Get up and running in just 3 steps:

# 1. Clone the repository
git clone https://github.com/teddynote-lab/LangConnect-Client.git
cd LangConnect-Client

# 2. Copy environment variables and configure
cp .env.example .env
# Edit .env file to add your SUPABASE_URL and SUPABASE_KEY

# 3. Start all services
docker compose up -d

Once started, you can access:

To stop all services:

docker compose down

Getting Started

Prerequisites

  • Docker and Docker Compose
  • Python 3.11 or higher
  • Supabase account (for authentication)

Running with Docker

  1. Clone the repository:

    git clone https://github.com/teddynote-lab/LangConnect-Client.git
    cd LangConnect-Client
  2. Create a .env file with your configuration:

    # Supabase Configuration
    SUPABASE_URL=https://your-project.supabase.co
    SUPABASE_KEY=your-anon-key
    
    # Database Configuration
    POSTGRES_HOST=postgres
    POSTGRES_PORT=5432
    POSTGRES_USER=postgres
    POSTGRES_PASSWORD=postgres
    POSTGRES_DB=postgres
    
    # Authentication
    IS_TESTING=false  # Set to true to disable authentication
  3. Start the services:

    docker-compose up -d

    This will start:

  4. Access the services:

Development Setup

For local development without Docker:

  1. Install dependencies:

    pip install -r requirements.txt
  2. Start PostgreSQL with pgvector (or use Docker for just the database):

    docker-compose up -d postgres
  3. Run the API server:

    uvicorn langconnect.server:app --reload --host 0.0.0.0 --port 8080
  4. Run the Streamlit app:

    streamlit run Main.py

API Documentation

The API provides comprehensive endpoints for managing collections and documents. Full interactive documentation is available at http://localhost:8080/docs when the service is running.

Authentication

All API endpoints (except /health and /auth/*) require authentication when IS_TESTING=false.

Authentication Endpoints

Method Endpoint Description Request Body
POST /auth/signup Create a new user account {"email": "user@example.com", "password": "password123"}
POST /auth/signin Sign in with existing account {"email": "user@example.com", "password": "password123"}
POST /auth/signout Sign out (client-side cleanup) -
POST /auth/refresh Refresh access token Query param: refresh_token
GET /auth/me Get current user info - (requires auth)

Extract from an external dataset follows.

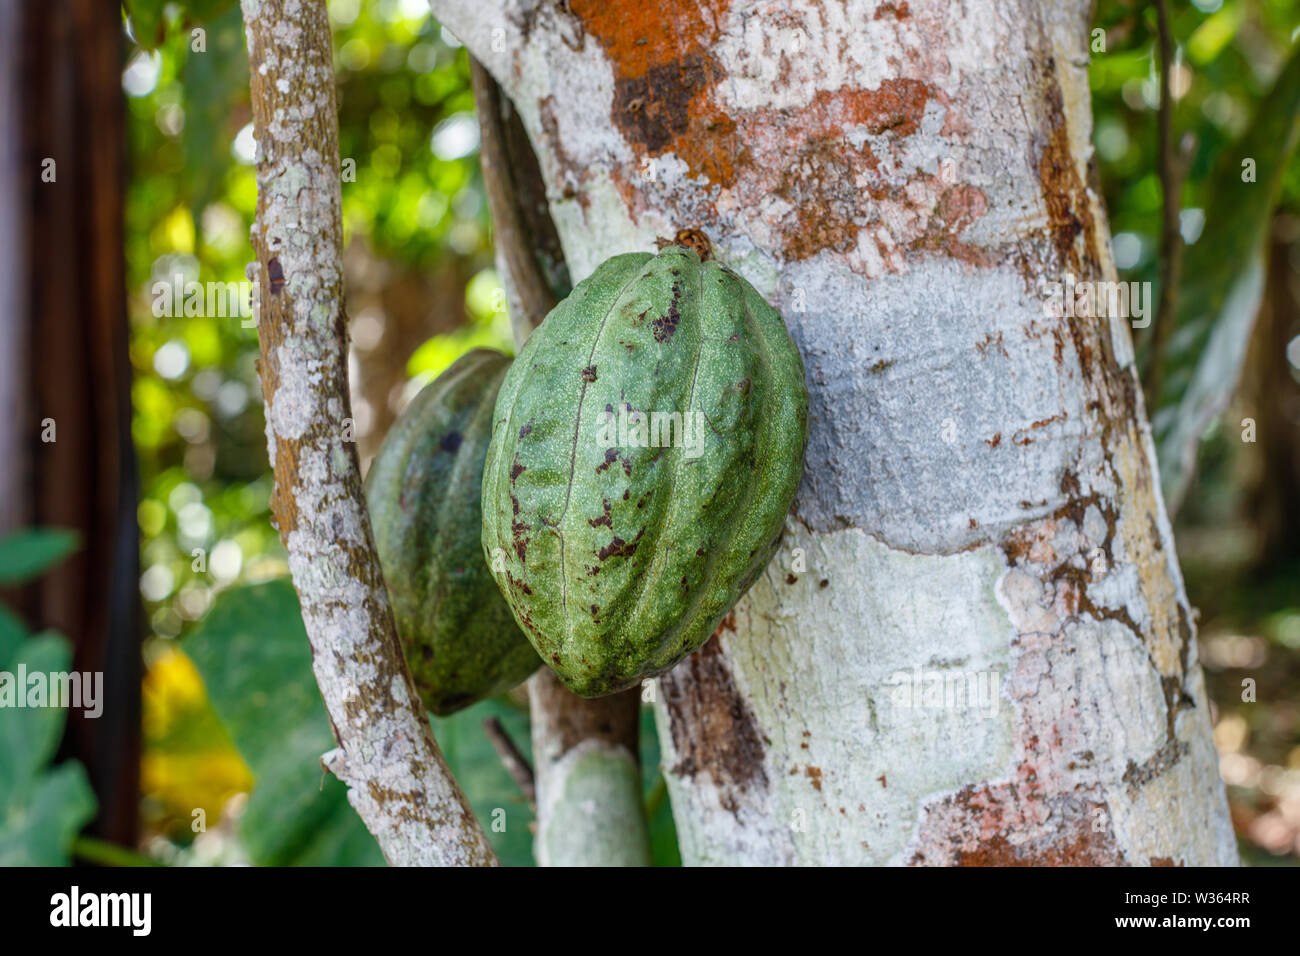 Cocoa (cacao) pods growing on Theobroma cacao tree. Bali, Indonesia. Stock Photo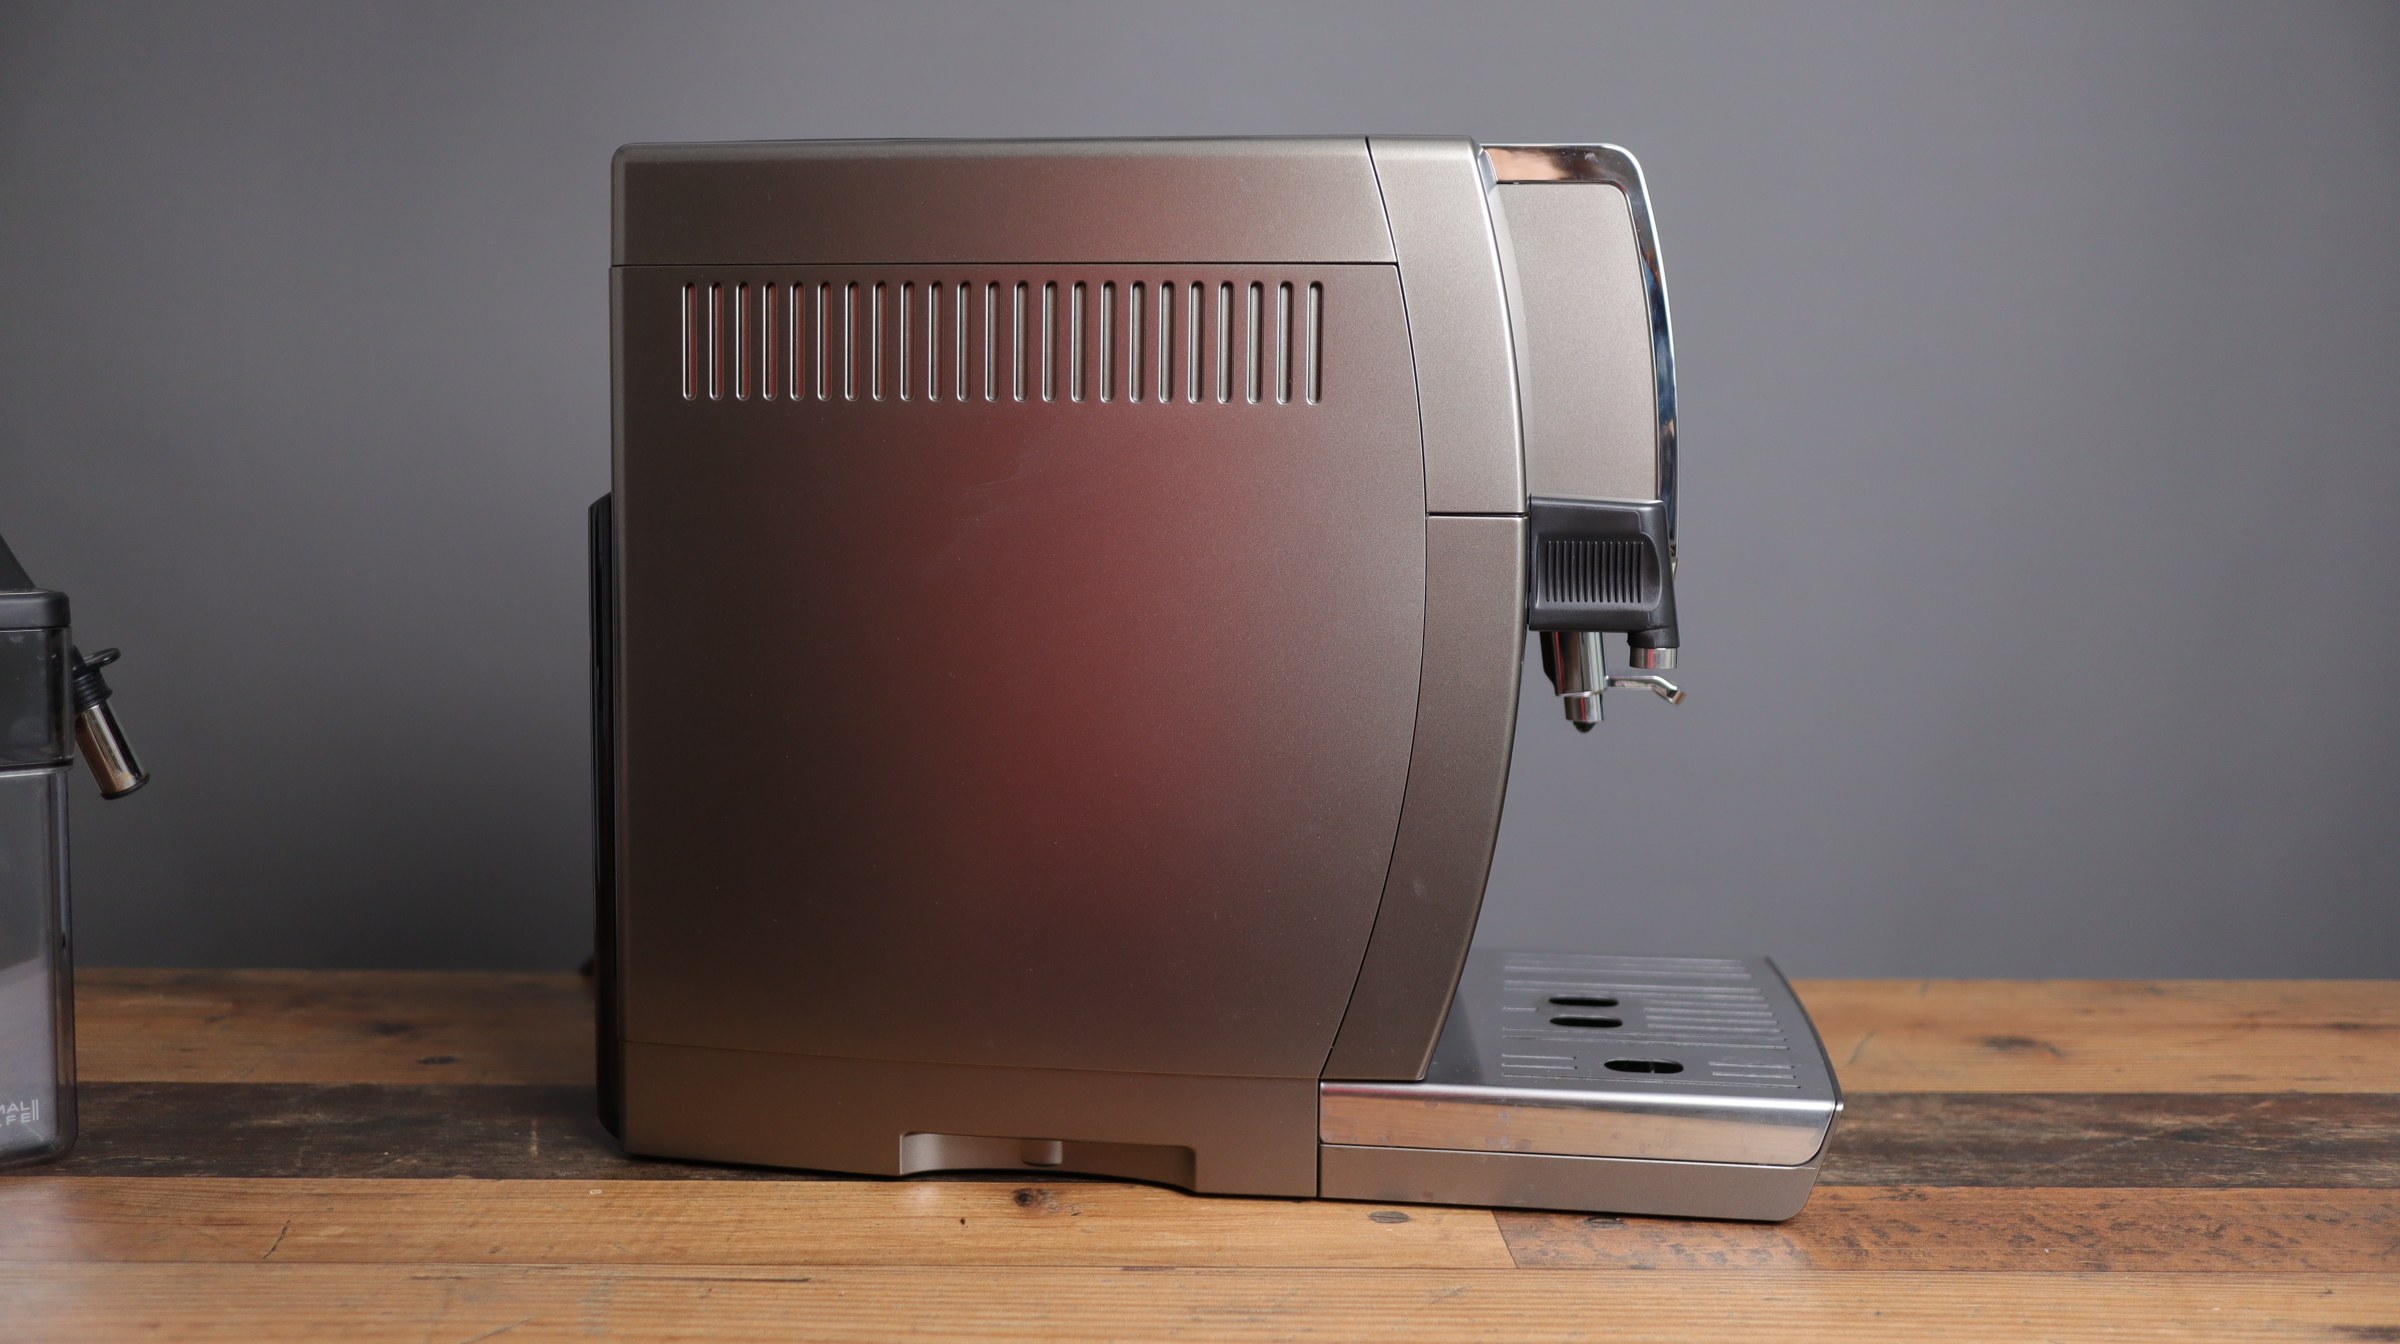 Delonghi Dinamica Plus shown from the left side.

Include the access token in requests:

Authorization: Bearer your-access-token

Collections

Collections are containers for organizing related documents.

Method Endpoint Description Request Body
GET /collections List all collections -
POST /collections Create a new collection {"name": "collection-name", "metadata": {}}
GET /collections/{collection_id} Get collection details -
PATCH /collections/{collection_id} Update collection {"name": "new-name", "metadata": {}}
DELETE /collections/{collection_id} Delete collection -

Documents

Documents are stored as chunks with embeddings for efficient search.

Method Endpoint Description Parameters
GET /collections/{collection_id}/documents List documents limit, offset
POST /collections/{collection_id}/documents Upload documents Form data: files[], metadatas_json
DELETE /collections/{collection_id}/documents/{document_id} Delete document Query param: delete_by (document_id/file_id)

Search

Advanced search capabilities within collections.

Method Endpoint Description Request Body
POST /collections/{collection_id}/documents/search Search documents {"query": "search text", "limit": 10, "search_type": "semantic", "filter": {}}

Search types:

  • semantic: Vector similarity search using embeddings
  • keyword: Traditional full-text search
  • hybrid: Combination of semantic and keyword search

Filter example:

{
  "query": "machine learning",
  "limit": 5,
  "search_type": "hybrid",
  "filter": {
    "source": "research_paper.pdf",
    "type": "academic"
  }
}

Streamlit Application

The Streamlit application provides a user-friendly web interface for interacting with the LangConnect API.

Main Features

  • User Authentication: Sign up, sign in, and persistent sessions
  • Collections Management: Create, view, and delete collections
  • Document Upload: Batch upload documents with metadata
  • Document Management: View, search, and delete documents
  • Advanced Search: Semantic, keyword, and hybrid search with filters
  • API Testing: Built-in API tester for development

Pages Overview

  1. Main.py - Landing page with project overview and navigation

    • Project information and features
    • Quick links to all pages
    • User authentication status
  2. Collections Page (pages/1_Collections.py)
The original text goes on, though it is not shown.